Cultura, cinema e arte

“Chi vuol parlare del tempo” e altri segni dei tempi che corrono. Di Chiara Buoncristiani

L’arte contemporanea intercetta il tema della co-costruzione di significato tra l’uomo e l’ambiente: l’emergenza climatica e le sue conseguenze. Tra apocalisse e post-umano alla mostra della Fondazione Prada Venezia.


“Chi vuol parlare del tempo” e altri segni dei tempi che corrono. Di Chiara Buoncristiani

C’era una volta “parlare del tempo”. Era il 1968 quando i volti di Marx, Engels e Lenin tappezzarono Berlino con la scritta “Tutti parlano del tempo. Noi no”. Si trattava di un manifesto della Lega degli studenti socialisti tedeschi: “parlare del tempo” era la chiacchiera dei partiti che volevano distrarre la massa grazie a temi irrilevanti, mentre il partito socialista si occupava di questioni veramente importanti per la popolazione.

Poi è arrivato un cambiamento radicale. Nel 2019 l’artista tedesca Anne-Christine Klarmann ha riproposto una parodia di quel manifesto con i volti di Judith Ellens, Carola Rackete e Greta Thumberg trasformando lo slogan in “Tutti parlano del tempo. Anche noi”.

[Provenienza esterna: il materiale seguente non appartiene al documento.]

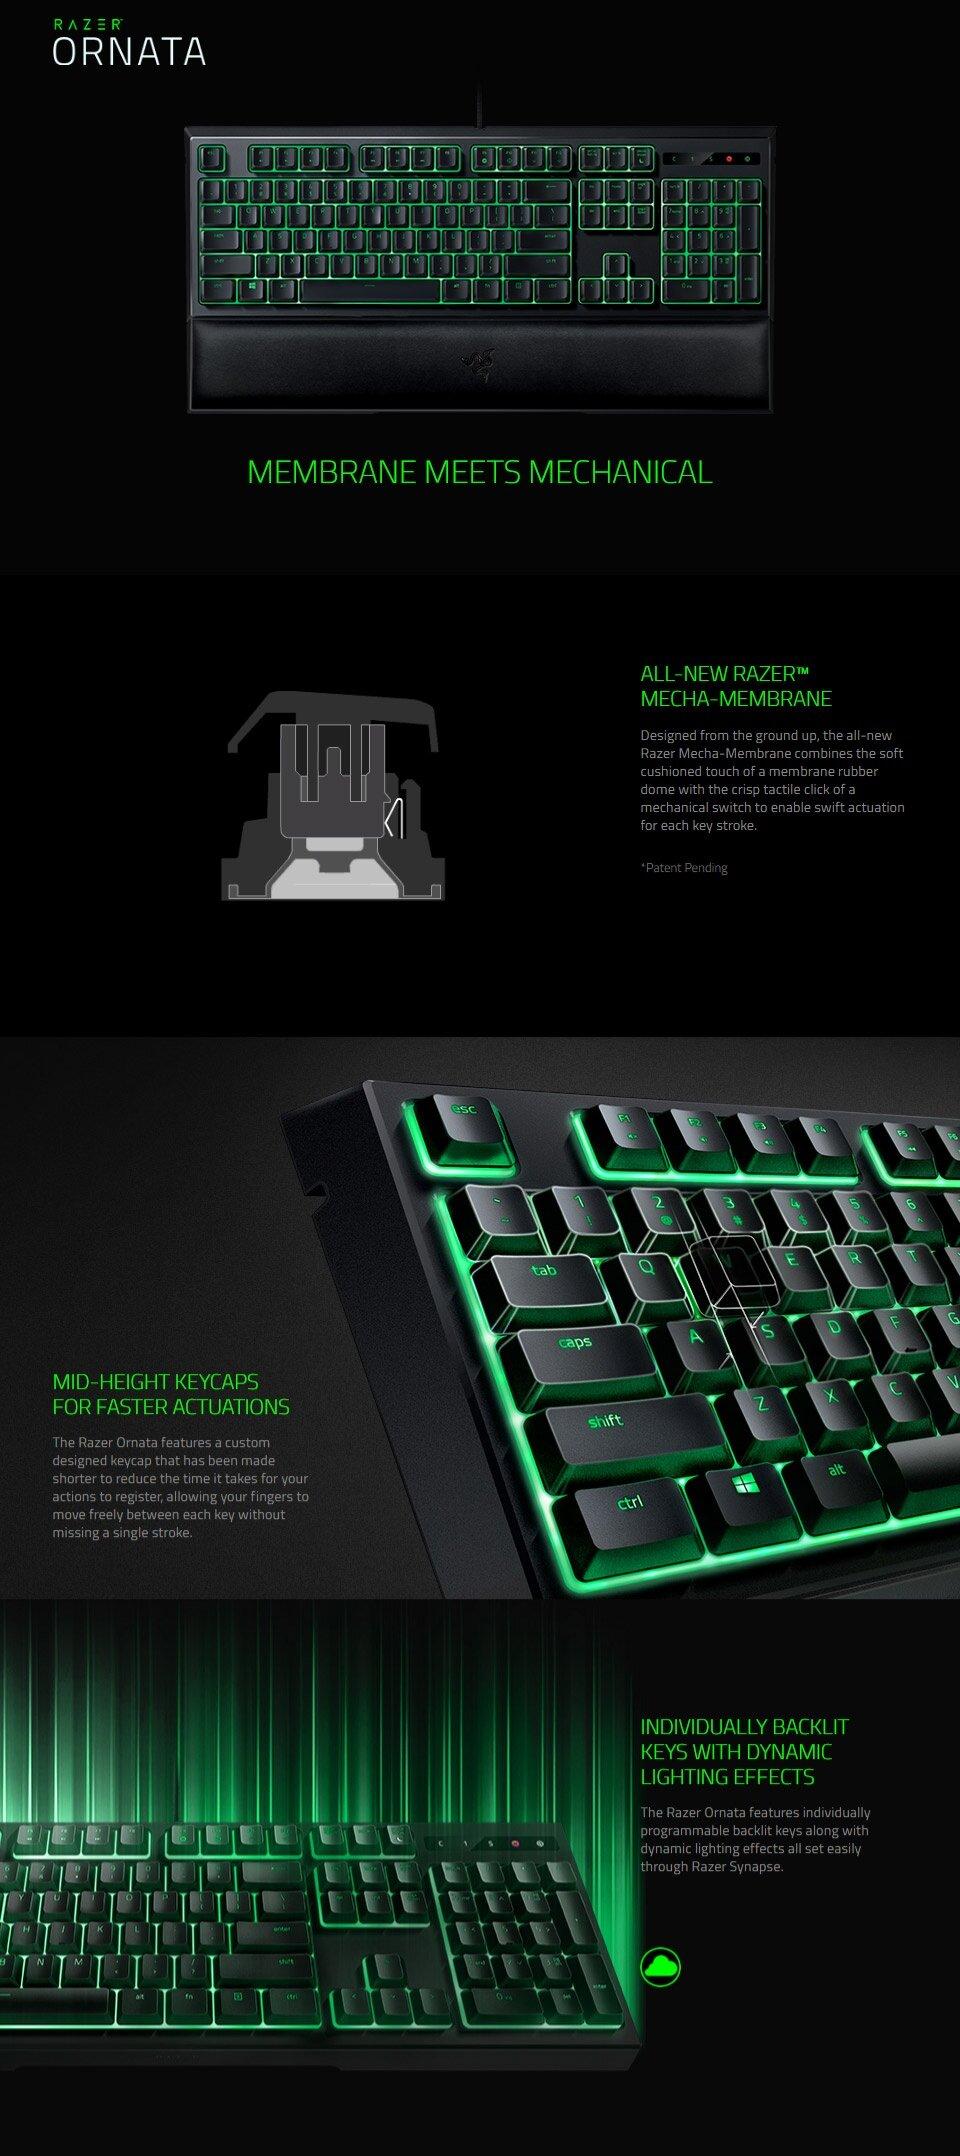 RAZER Ornata Expert Mecha-Membrane Gaming Keyboard RZ03-02041700-R3M1

Prende spunto da qui la mostra Everybody Talks About the Weather alla Fondazione Prada di Venezia (fino al 26 novembre 2023), curata da Dieter Roelstraete, per evidenziare l’urgenza di una conversazione sul cambiamento climatico, ma indicando anche le conseguenze: un cambio di forme e di paradigma in questa “conversazione”.

Per millenni il discorso dell’uomo sulla natura è stato un monologo. Soggetto era l’uomo, oggetto era la natura. Anche quando questa non era più da imitare. Anche quando, come soggetti, si era capito di non essere padroni in casa nostra. Era comodo e inevitabile dare per scontato di essere almeno “autori” dell’opera. D’altra parte, anche il trovato-creato della psicoanalisi (Winnicott) era pur sempre dentro una relazione tra umani, una madre e un bambino.

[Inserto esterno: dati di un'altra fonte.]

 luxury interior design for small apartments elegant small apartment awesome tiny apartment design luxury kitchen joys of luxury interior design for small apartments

Ma che succede se a farci uscire dall’illusione di onnipotenza è una catastrofe climatica? Succede che per integrare quanto avevamo dissociato ci sono artisti che “collaborano” con il vento, con le api e con il fuoco che brucia le tele. Compaiono così opere co-create con l’ambiente. Installazioni e quadri in cui a fare il “disegno” sono chiamate le muffe o il lavorio dell’acqua sul legno e sulla pietra.

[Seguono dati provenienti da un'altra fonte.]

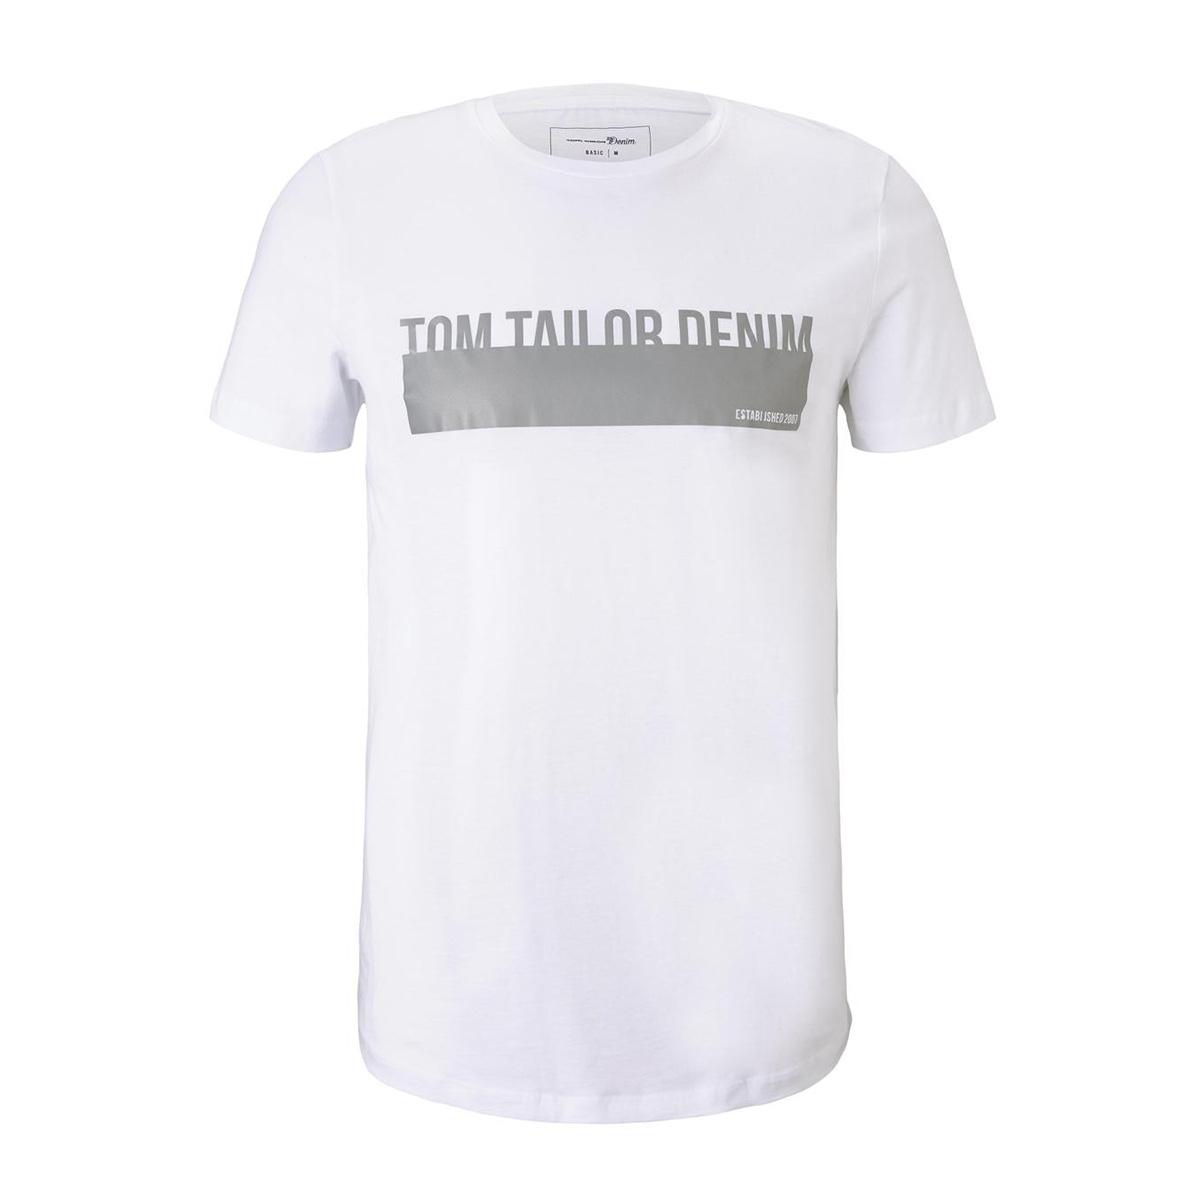 t shirt met reflecterende print 1015661xx12 tom tailor t-shirt 20000

“L’immensità di questa crisi è soverchiante per le povere forze dell’immaginazione umana e, francamente, troppo deprimente per il nostro ansioso mondo dell’arte”, scrive Roelstraete nel testo della mostra. Sono allora queste opere in collaborazione con la natura un modo di pensare l’impensabile, di “dare un senso alla realtà corporea della nostra esposizione quotidiana – con la pioggia o con il sole – al mondo fisico, che è la nostra unica casa”.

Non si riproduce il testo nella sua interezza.